My understanding of parallel and functional programming

I just want to write down what is on my mind today. Maybe I'd say what a stupid in the future.

Days ago, I got complaints from a team member who wanted me to reduce the usage of LINQ because it is hard to debug. First of all, that is not true. Debugging a function intensive program is as easy as traditional program. When you use for (i = 0; i < 10; i++), you think about how to make this thing happen ten times. When you use Enumerable.Range(0, 10).Select(...), you might want to think about the input sequence is being pushed into the system. The system accept the input sequence and this sequence will be transformed by several functions, just like what is happening in an chip assembly factory. You pump in sand and get a CPU after several process. Nothing left on these machine exception the garbage nobody wants and care about. I do not really how people switch from for to parallel, but the input sequence way provide me some advantages.

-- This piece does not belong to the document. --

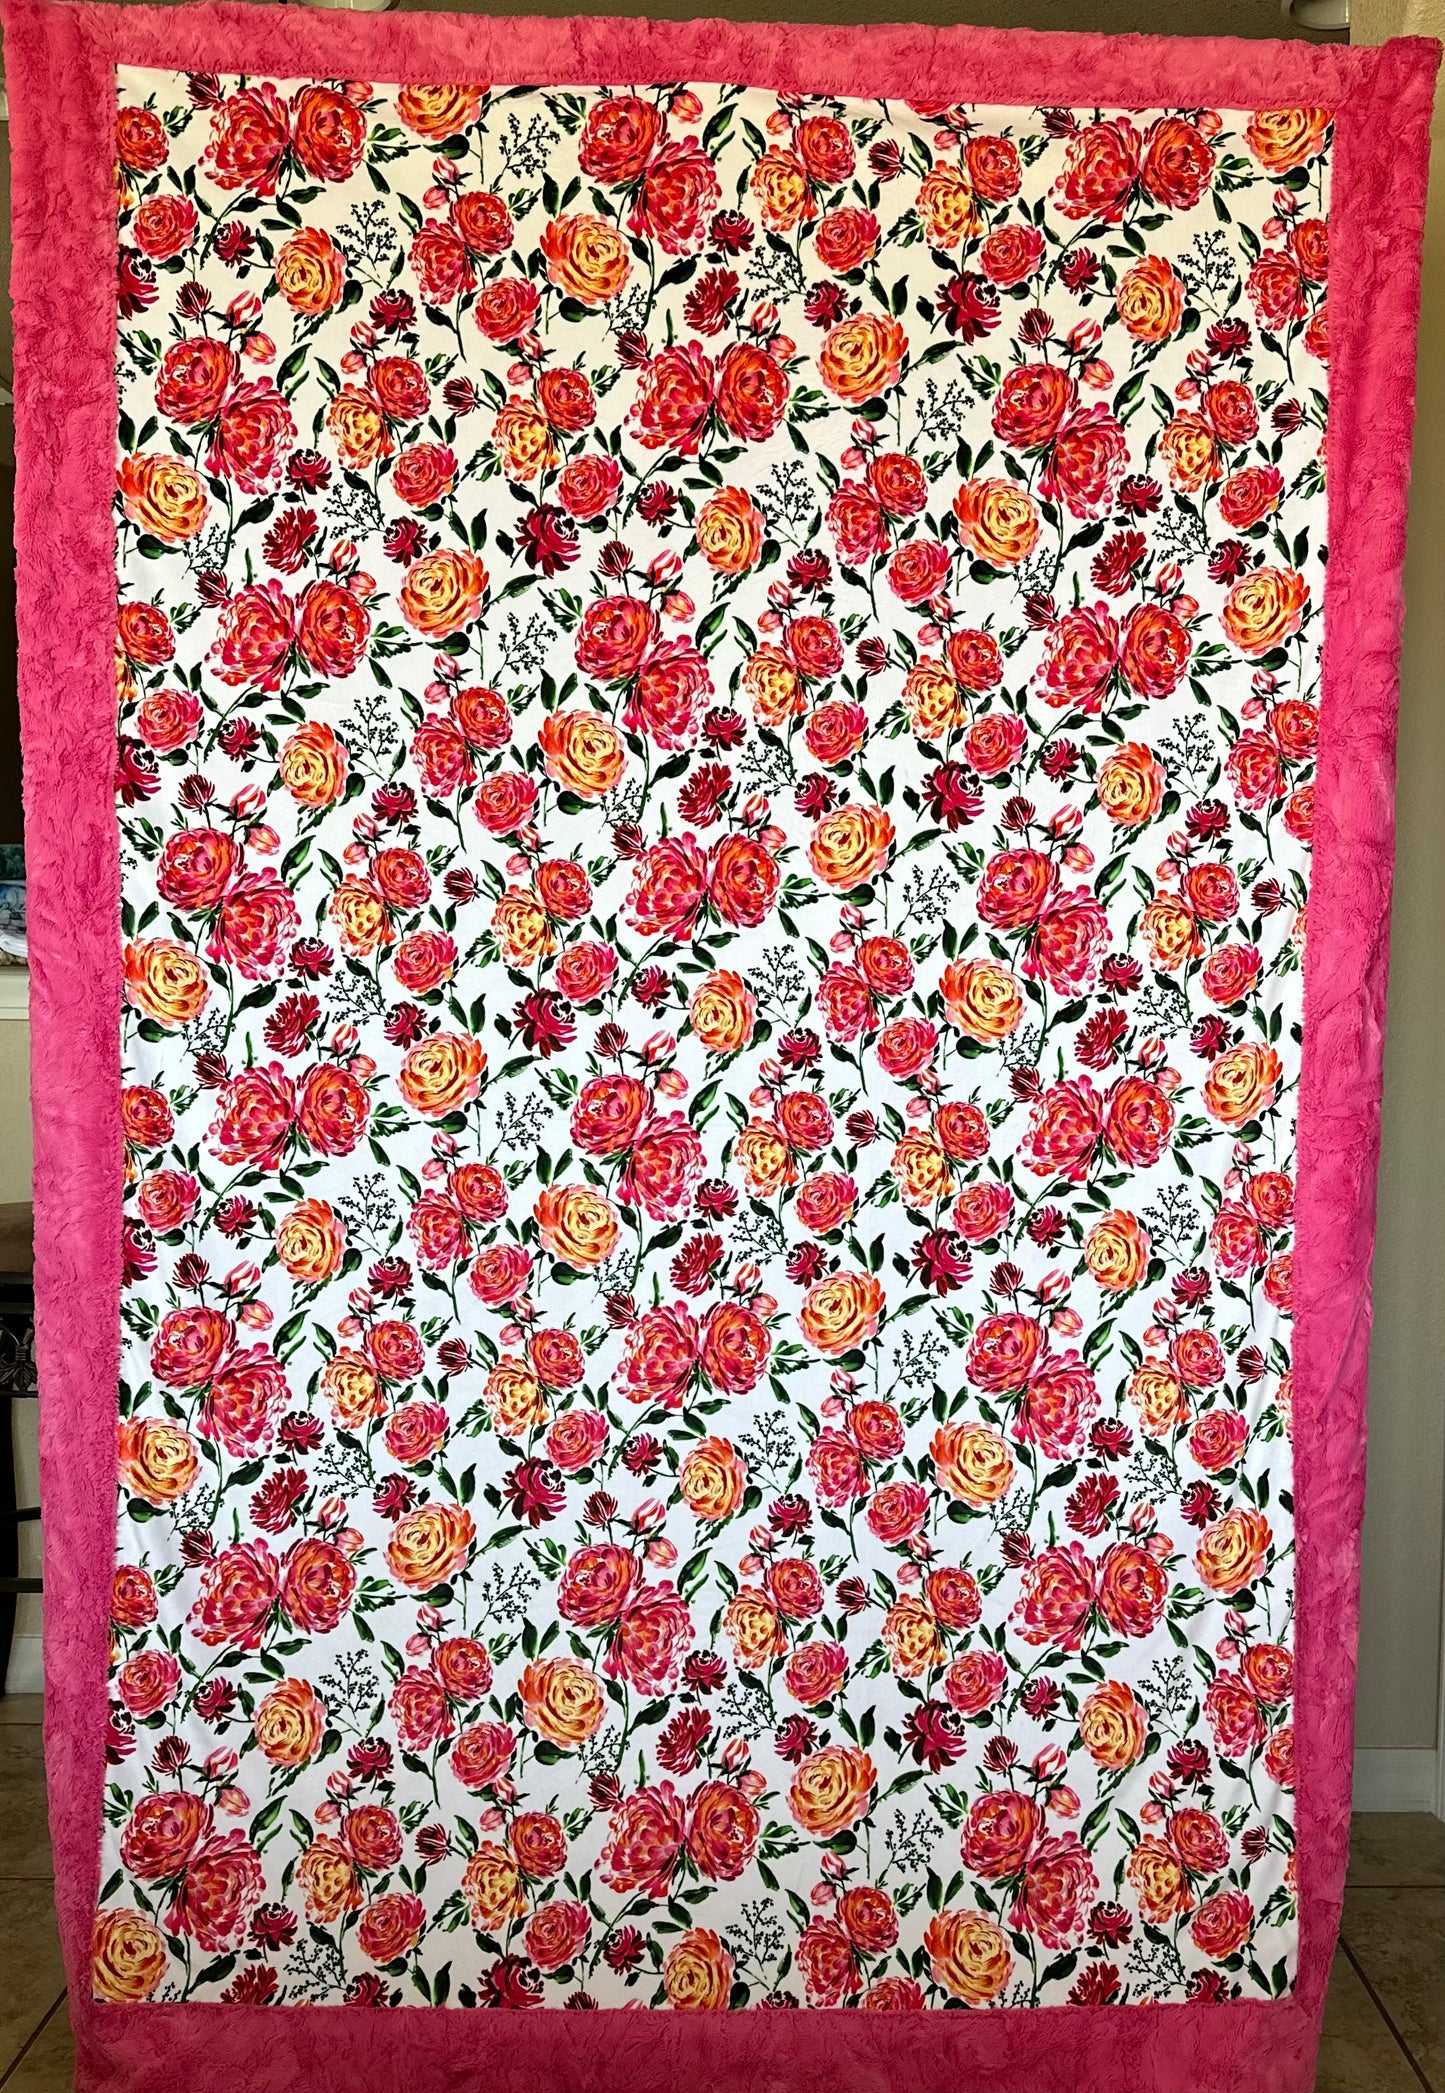 Floral Shop Bloom on Carnation Hide Large Adult Blanket - Elegant Florals - 53x80

If you want to generate more chip, what can you do? build new factories.
partition the data sequence into small chunk. Pump each small chunk into functions set and will get parallel. Actually you do not have to chunk the data, applying a function using LINQ will provide you the same functionality. Because we only use function which does not have memory about states, we are pretty safe to make the whole system parallel. That's why sometimes I hate to use class and complex design patterns to solve a problem, all of these are designed when parallel is not the main concern of the system design.

When you use class, most likely you will use field to keep some state information. Sooner or later, you will find these information is the enemy of parallel unless you keep them all non-public and non-static. I am not that disciplined to follow the rule, so.. :-)

Let me come back to this topic. This morning when I woke up, I realize "a program = data structure + algorithm" or "data structure + function". If I could partition the data, I can also partition the functions. For example, I have 10 element in an array, instead of thinking of 10 data elements, I can make up a new function list (length = 10) and apply this function list to the data set. People might say, yes, it is same. I would not agree. Once you manipulate the function, you are in the functional programming more, which is there I really want to explore more.